## Dataset extract
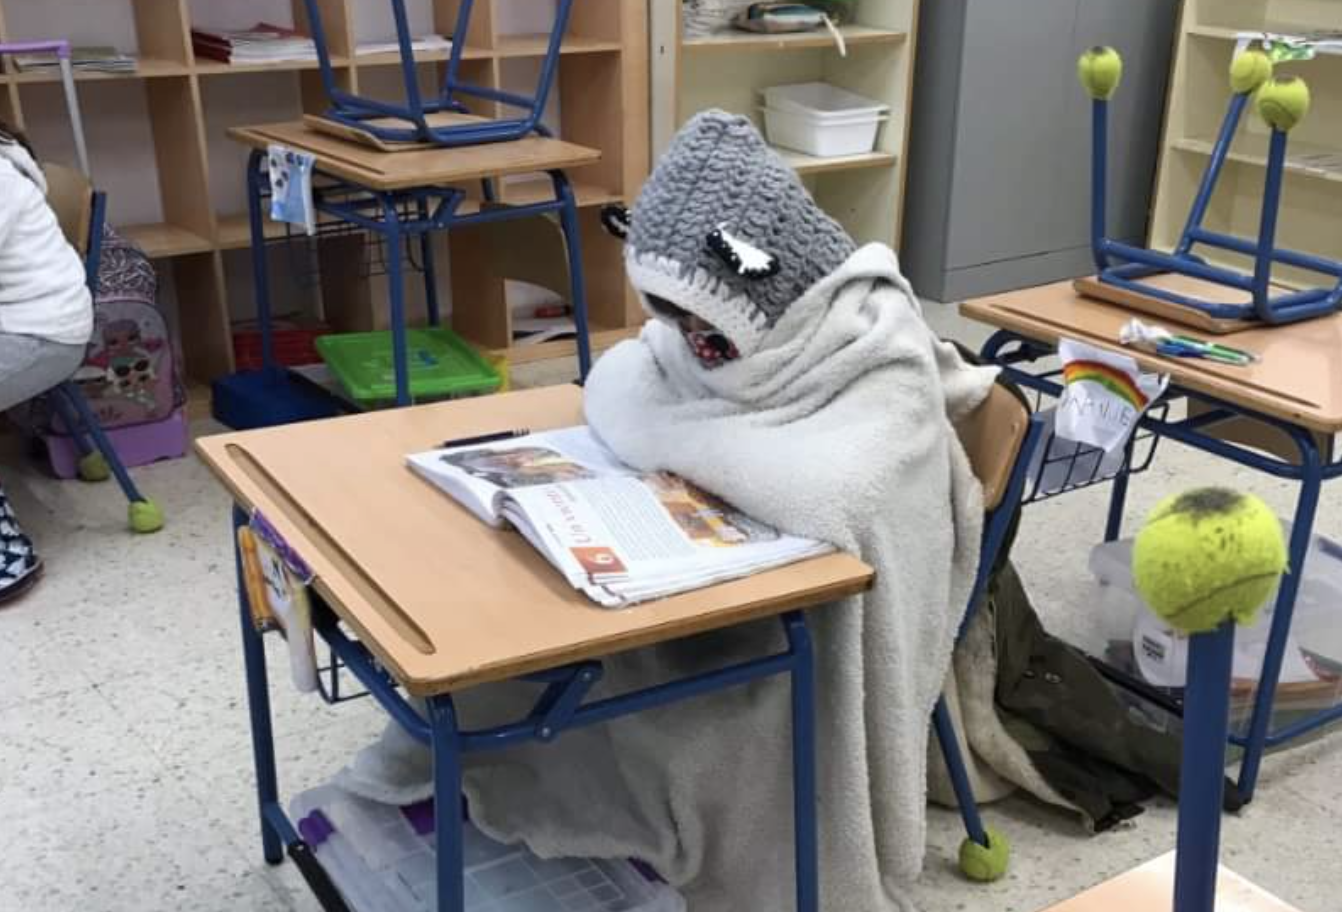 Estudiante hasta arriba de ropa de abrigo para combatir el frío en un aula en pandemia.
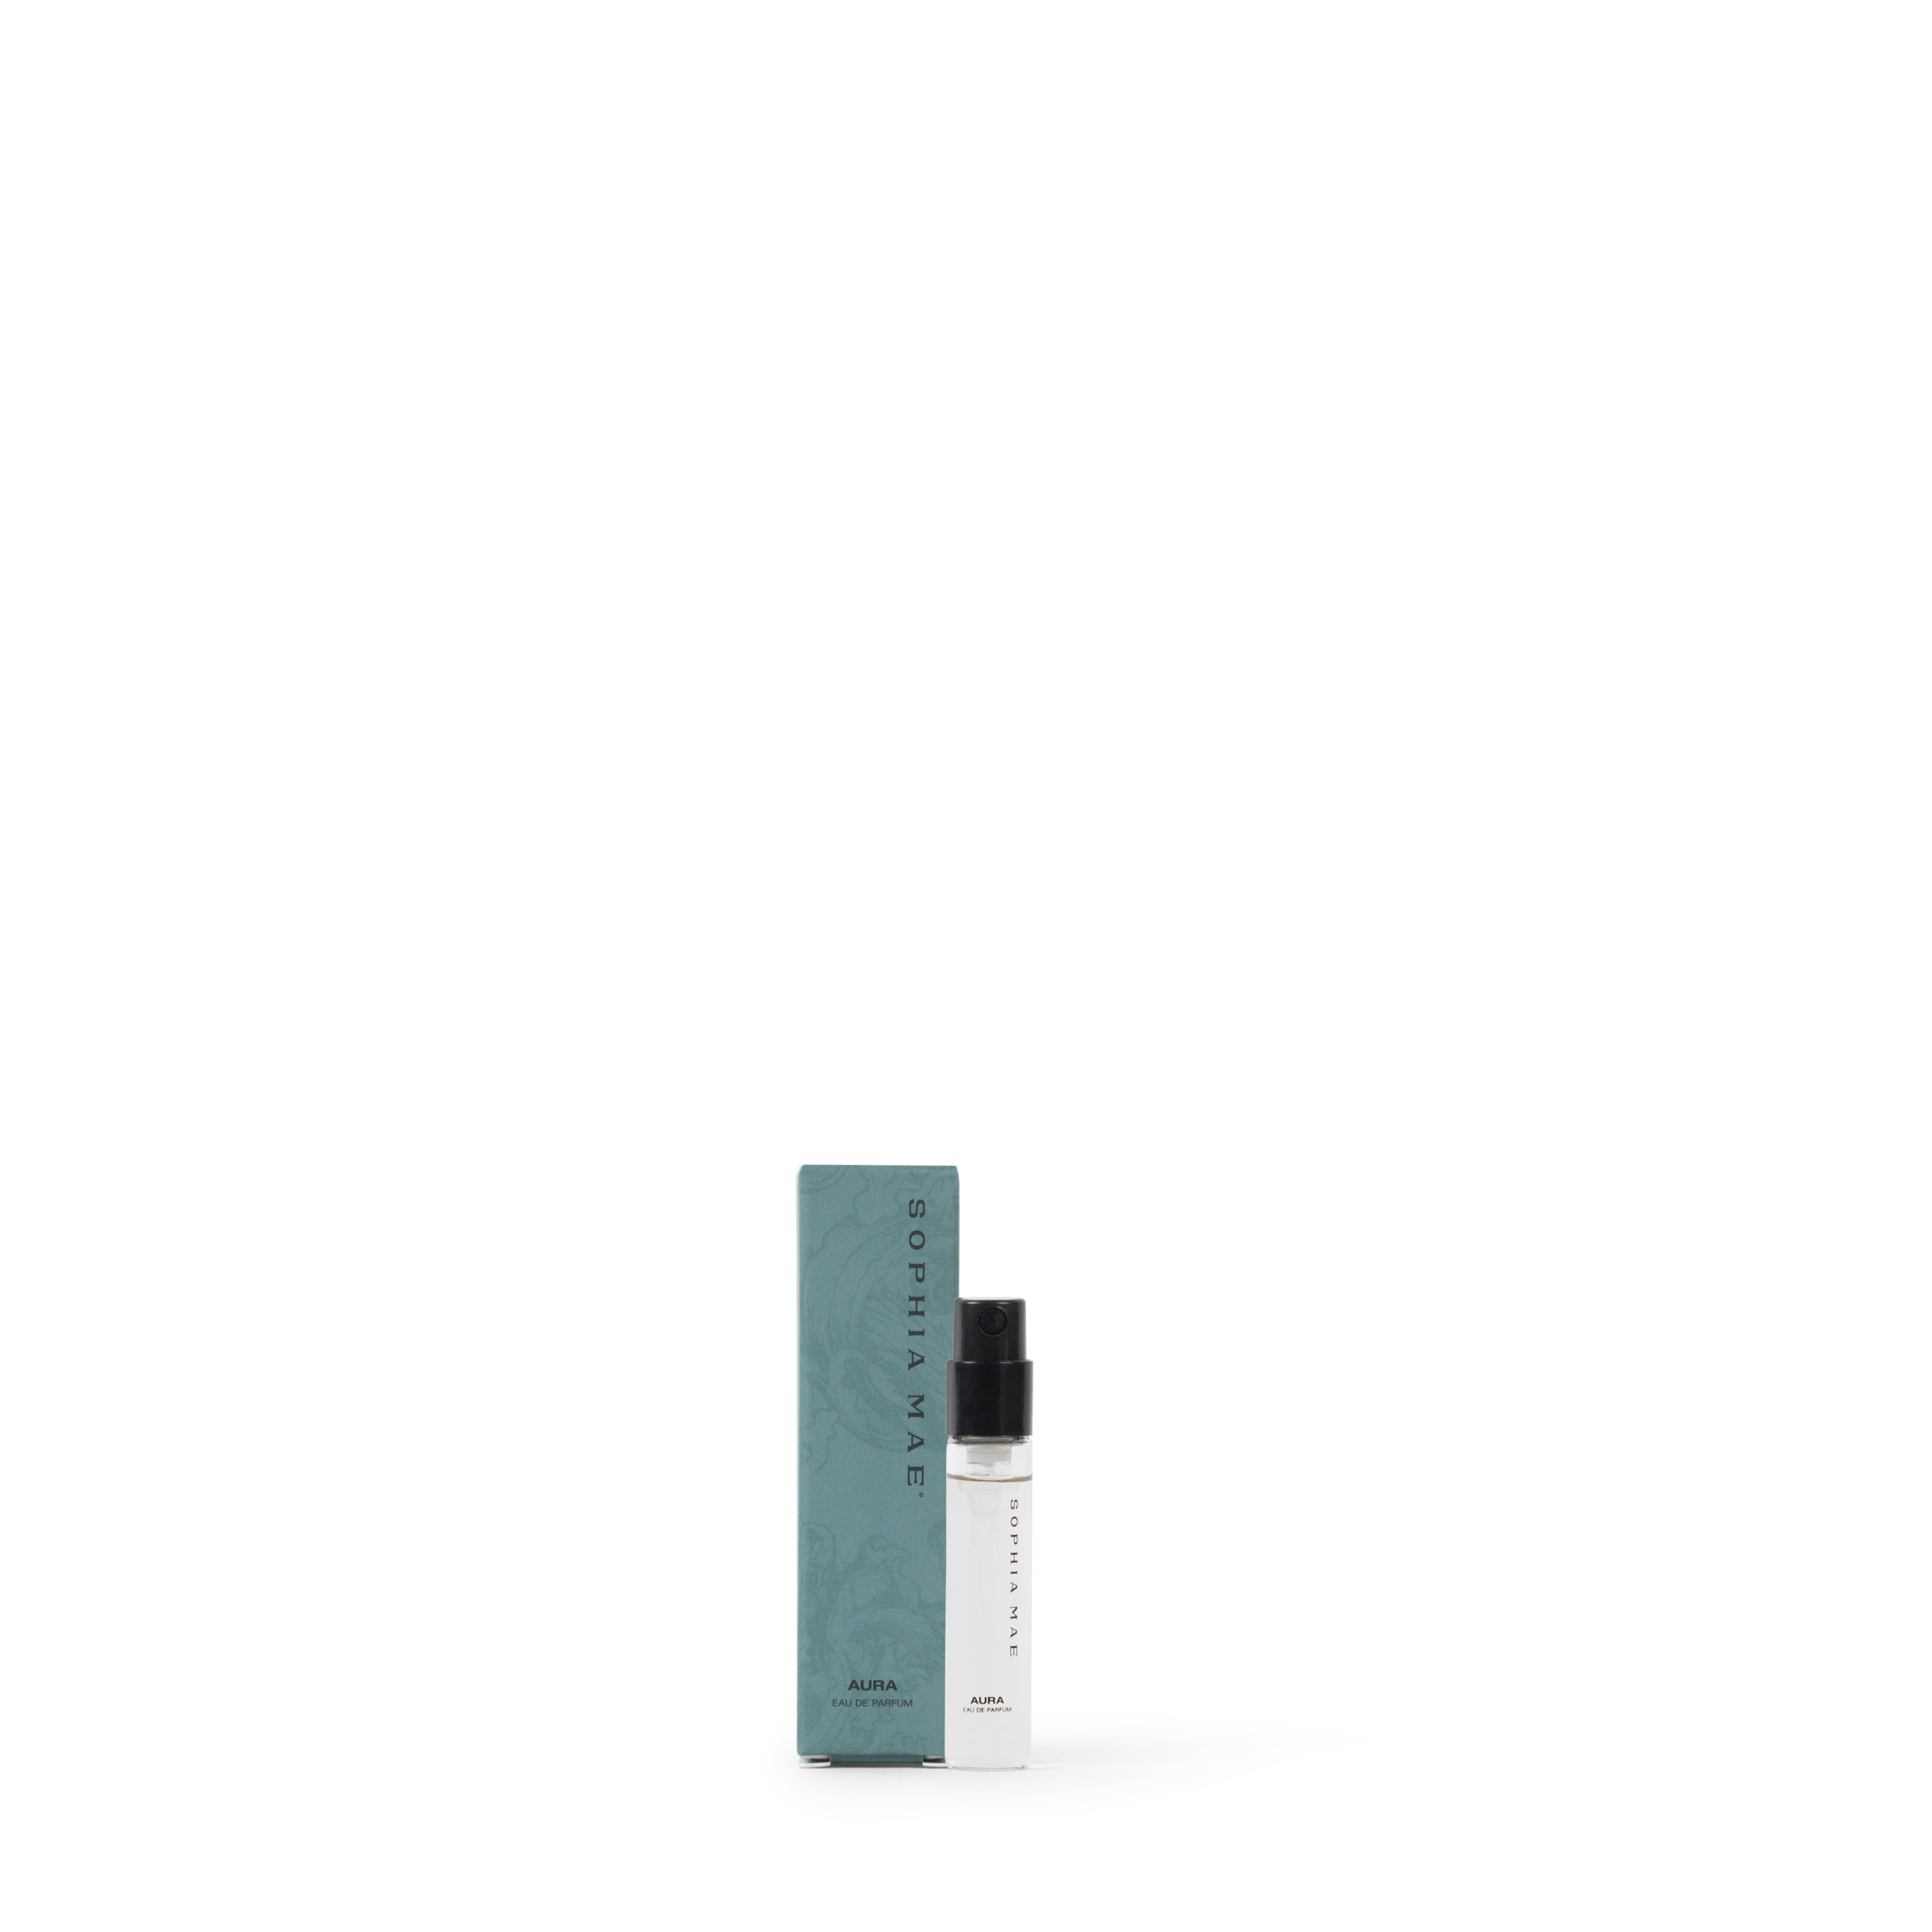 Aura eau de parfum tester size (2ml)
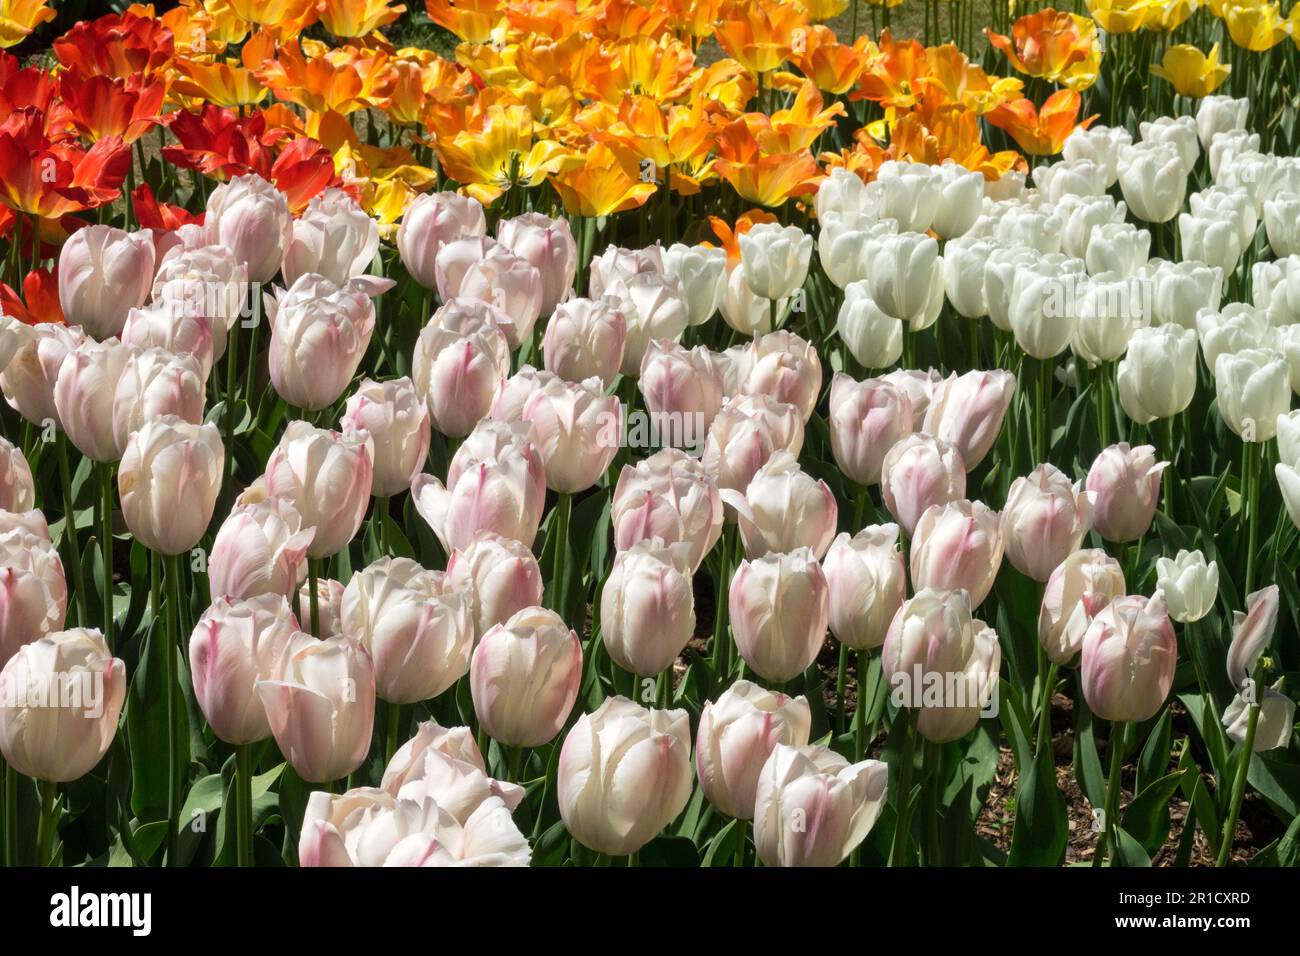 Ampia gamma di colori, Display, letto di fiori, Tulipani, misto, Primavera, Stagione, Giardino, Tulipa bianca 'Hakuun', Tulipa 'Van Eijk Salmon', Tulipa 'Pace Mondiale' Foto Stock

## Your goal
Output every line above exactly as it stands, and drop any picture.

## Result
 Estudiante hasta arriba de ropa de abrigo para combatir el frío en un aula en pandemia.
 Aura eau de parfum tester size (2ml)
 Ampia gamma di colori, Display, letto di fiori, Tulipani, misto, Primavera, Stagione, Giardino, Tulipa bianca 'Hakuun', Tulipa 'Van Eijk Salmon', Tulipa 'Pace Mondiale' Foto Stock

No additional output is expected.